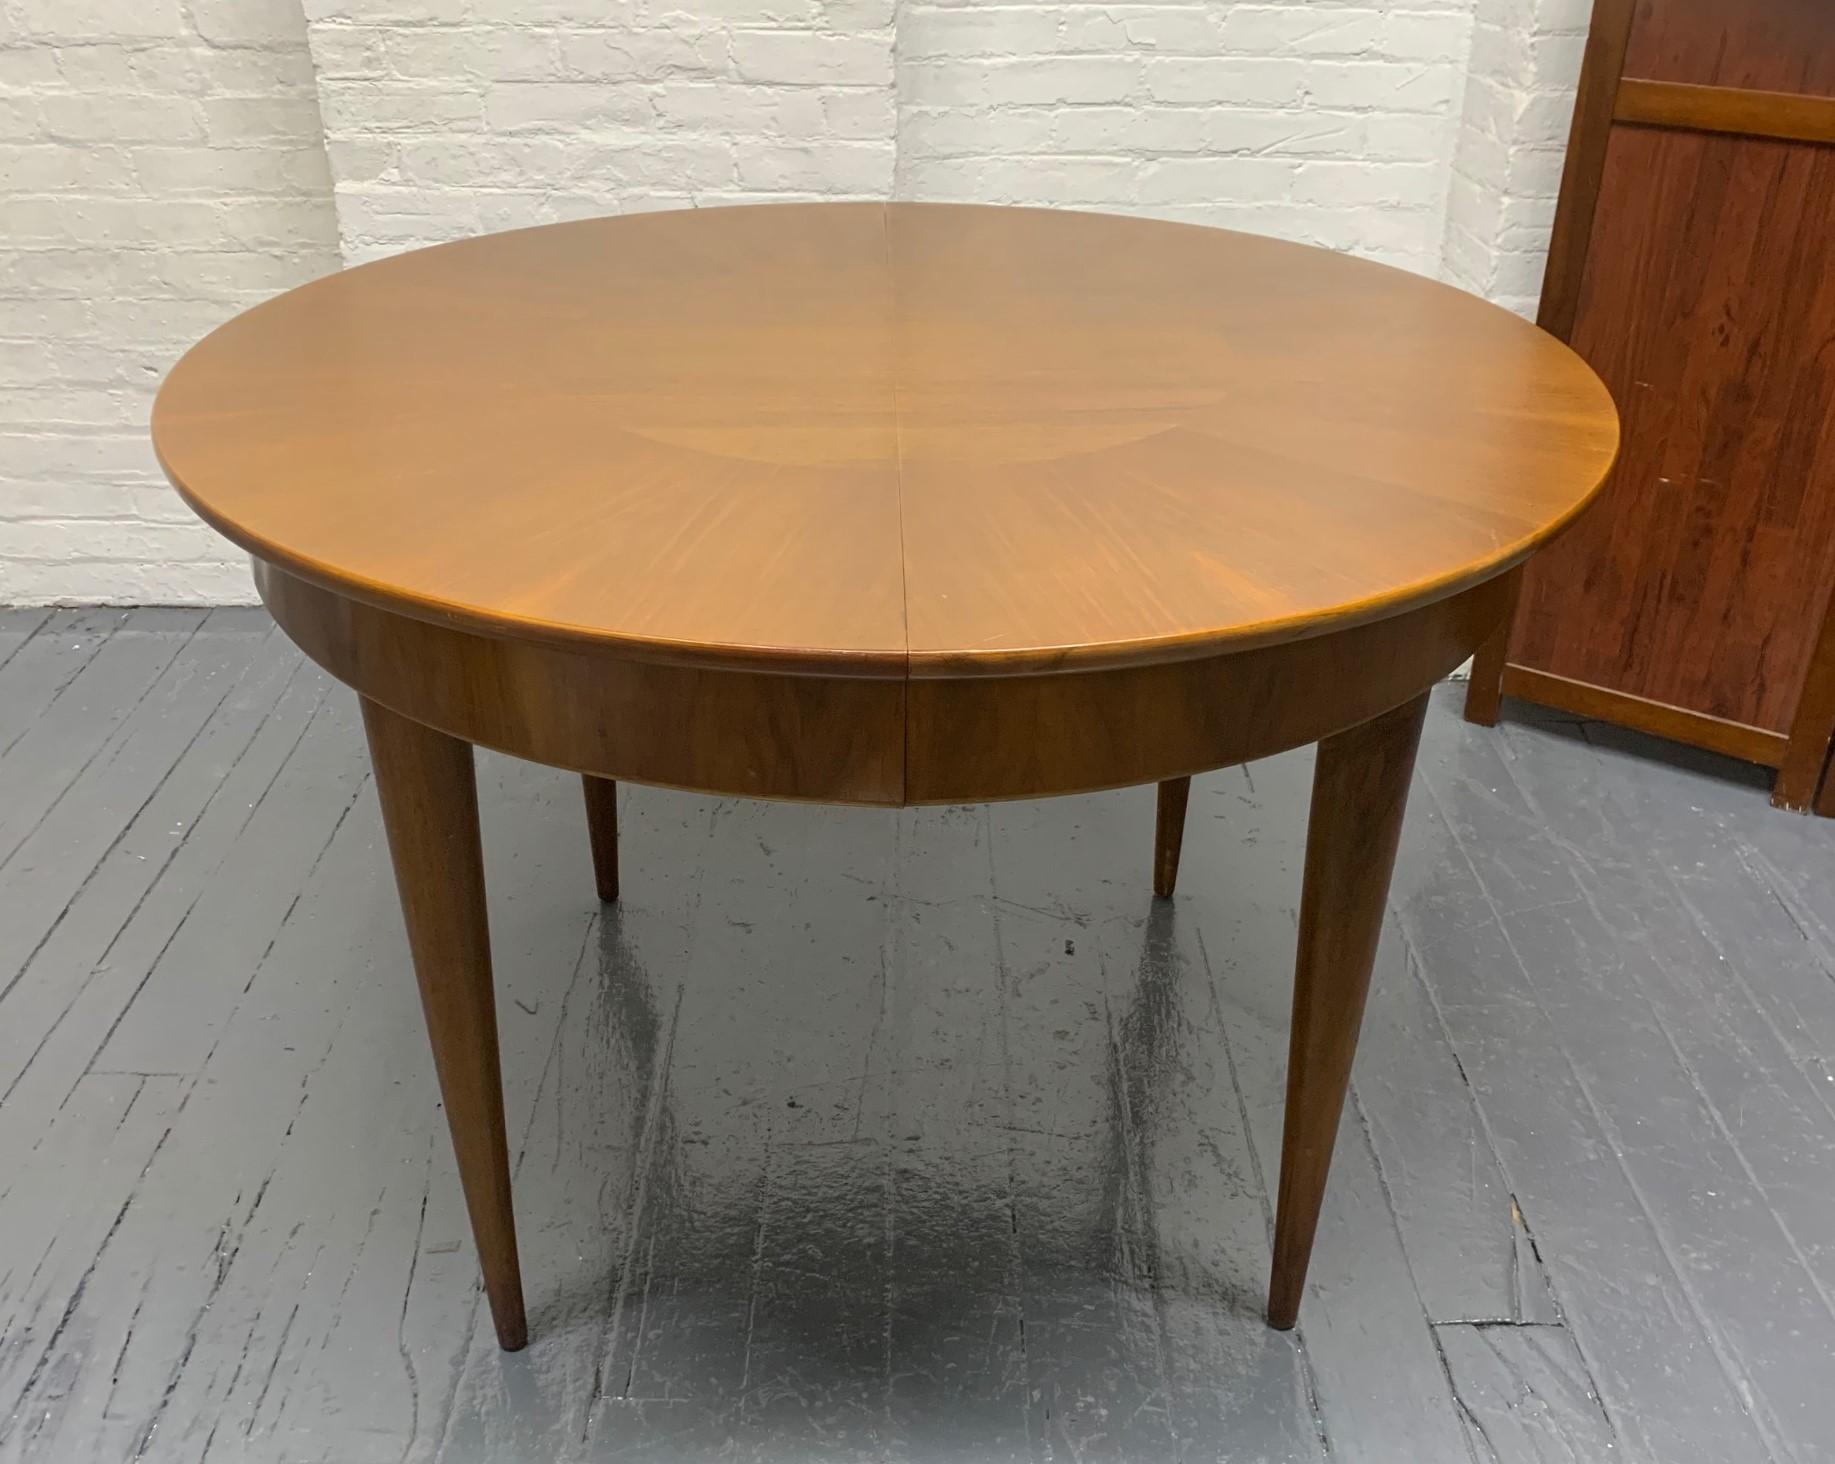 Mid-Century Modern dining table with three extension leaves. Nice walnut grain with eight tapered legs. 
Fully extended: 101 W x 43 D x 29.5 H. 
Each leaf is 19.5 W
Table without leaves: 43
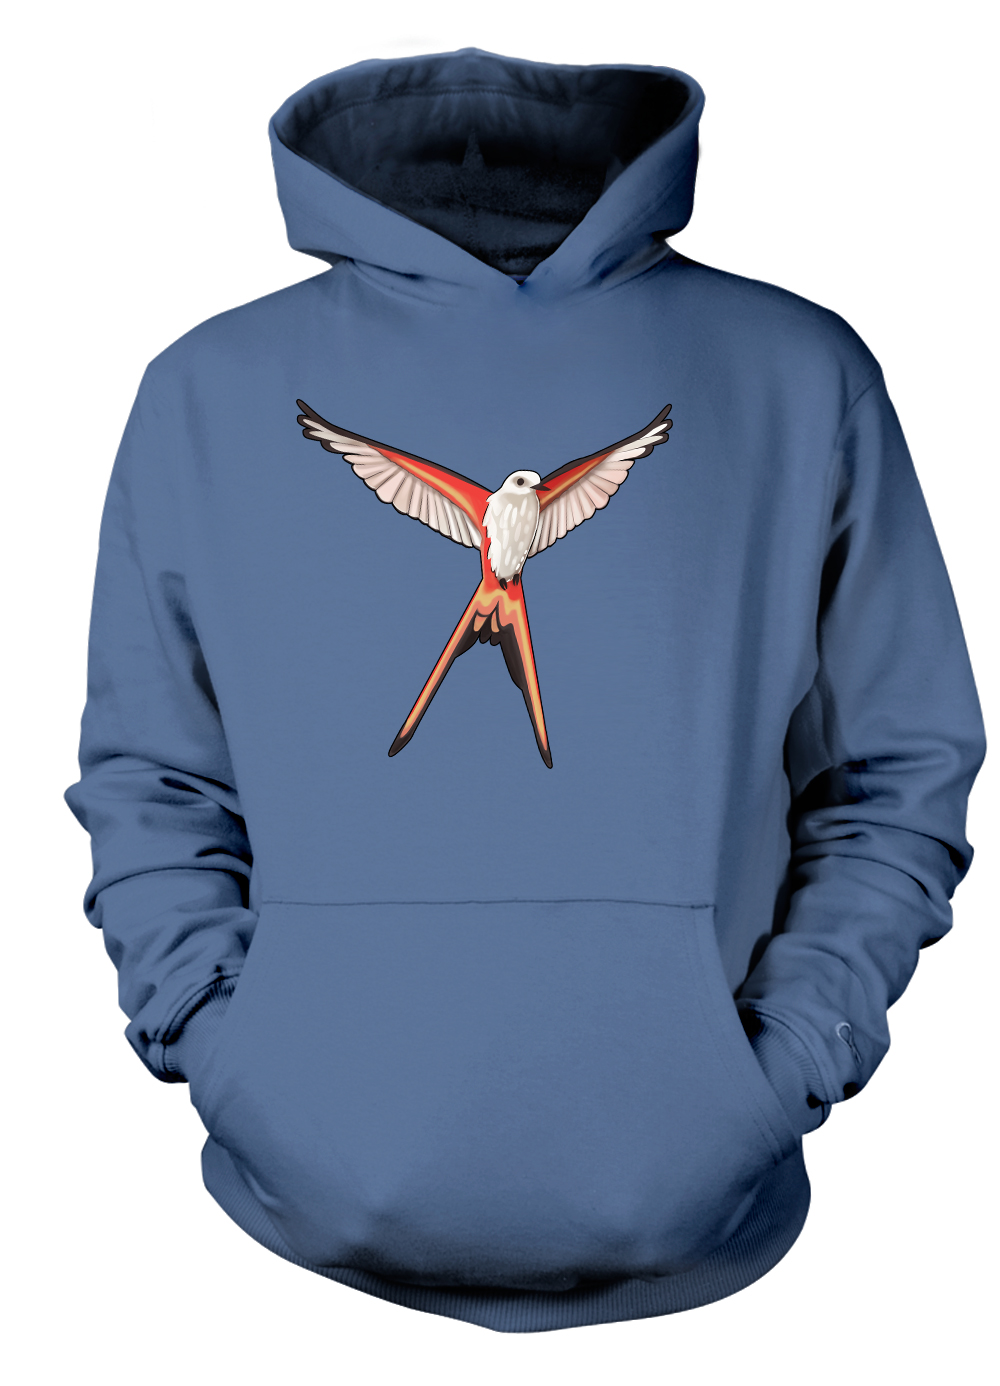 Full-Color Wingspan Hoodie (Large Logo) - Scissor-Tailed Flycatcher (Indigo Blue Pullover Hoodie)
________________
_Directions for this task_: Starting with the line that contains "Each leaf is 19.5 W", give the lines again exactly as they appear through the last line of the data, pictures excluded.

_Result of this exercise_:
Each leaf is 19.5 W
Table without leaves: 43
 Full-Color Wingspan Hoodie (Large Logo) - Scissor-Tailed Flycatcher (Indigo Blue Pullover Hoodie)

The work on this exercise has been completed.